Lakes are important places in the landscape for capturing, transforming, emitting, and storing carbon given their small surface area. Human activities in watersheds are causing many lakes and reservoirs to become over-enriched in nutrients. This is called hypereutrophication. Over-enrichment can cause a variety of problems in ecosystems, including changes in carbon cycling. While substantial progress has been made in understanding the processes that control carbon cycling in lakes and reservoirs, relatively little is known about how those processes operate in water bodies with extremely high nutrient concentrations, a condition which is becoming increasingly common.
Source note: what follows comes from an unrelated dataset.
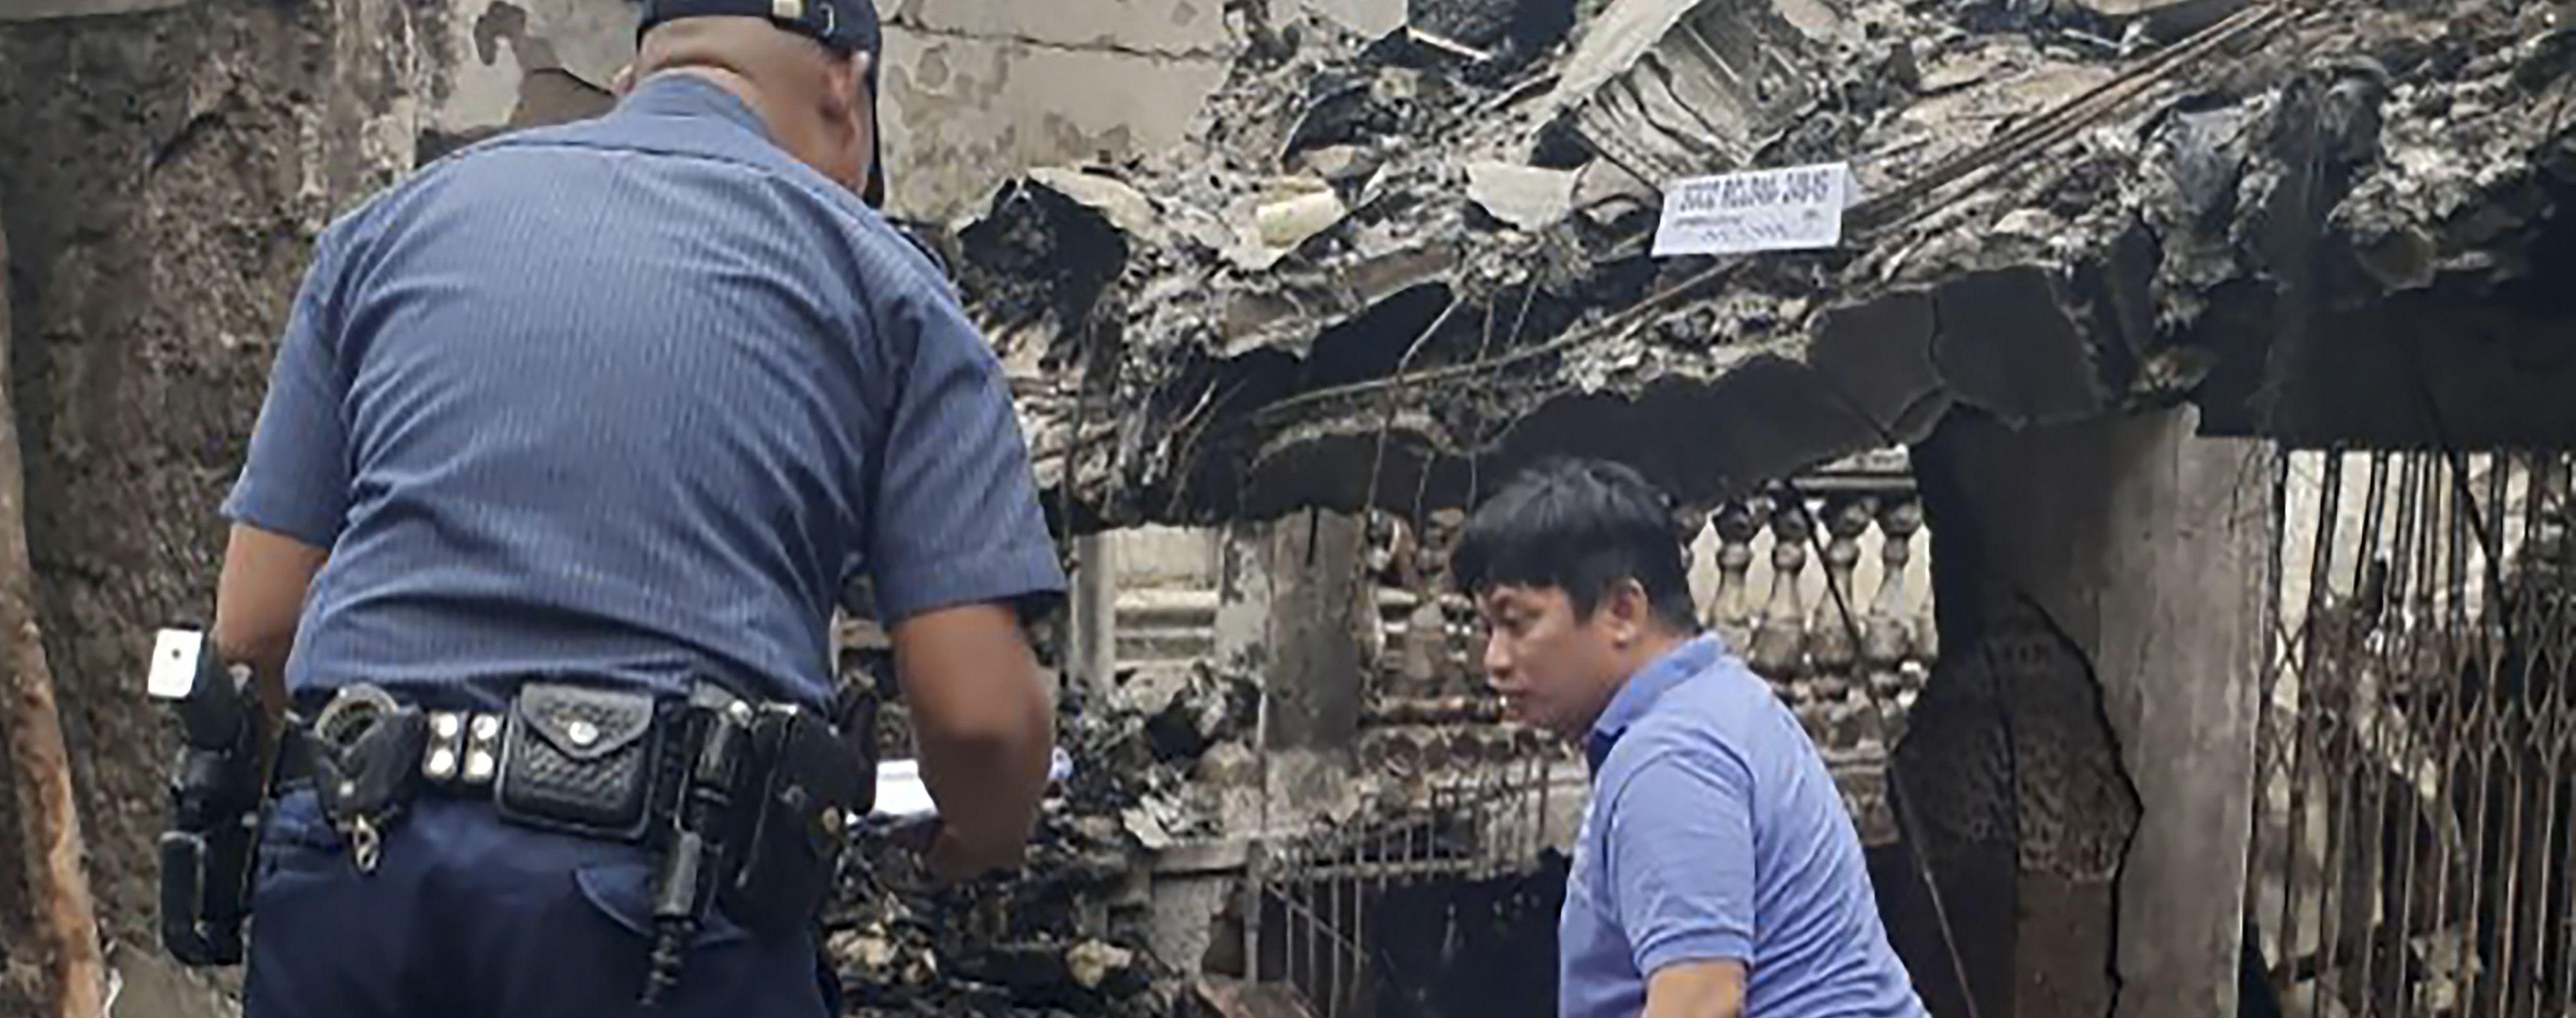 Шокирующие кадры: падение санитарного самолете на отель в Филиппинах попало на видео

This research is aimed at identifying the key controls on carbon cycling in lakes and reservoirs under extreme nutrient loading. This will help predict how these ecosystems will respond to future environmental stresses. In addition to carbon cycling, lakes and reservoirs also provide important ecosystem services that are threatened by eutrophication. Managing freshwater resources to protect ecosystem services is vital for societal well-being. Yet, decisions about freshwater resources require educated water stewards working at the local level. This project will provide extensive training in aquatic ecosystem management to local water stewards, empowering their communities to make informed, data-driven decisions about lake and watershed management.
In order to identify when and where the important drivers of carbon cycling are operating in lakes under extreme nutrient enrichment, high frequency sensors will be deployed in high-nutrient lakes to capture carbon cycling dynamics throughout the entire year. One of the focal study lakes is located on the Iowa State University campus. The live-streaming data and monitoring activities will be incorporated into educational opportunities across campus. An additional 20 lake-years of high frequency data will be collected through a lake management education and volunteer training program for local water stewards. All of the sensor-based measurements will be paired with less frequent synoptic sampling to quantify the pools of carbon and nutrients entering and cycling in the lakes. These time series will be used to quantify the aerobic, anaerobic, and physical transport processes controlling carbon cycling dynamics and to determine the environmental drivers of carbon cycling rates. This information, combined with long term water quality monitoring data from 130 lakes embedded in a nutrient-rich landscape, will be used to estimate aquatic carbon cycling rates at a regional scale.
This award reflects NSF's statutory mission and has been deemed worthy of support through evaluation using the Foundation's intellectual merit and broader impacts review criteria.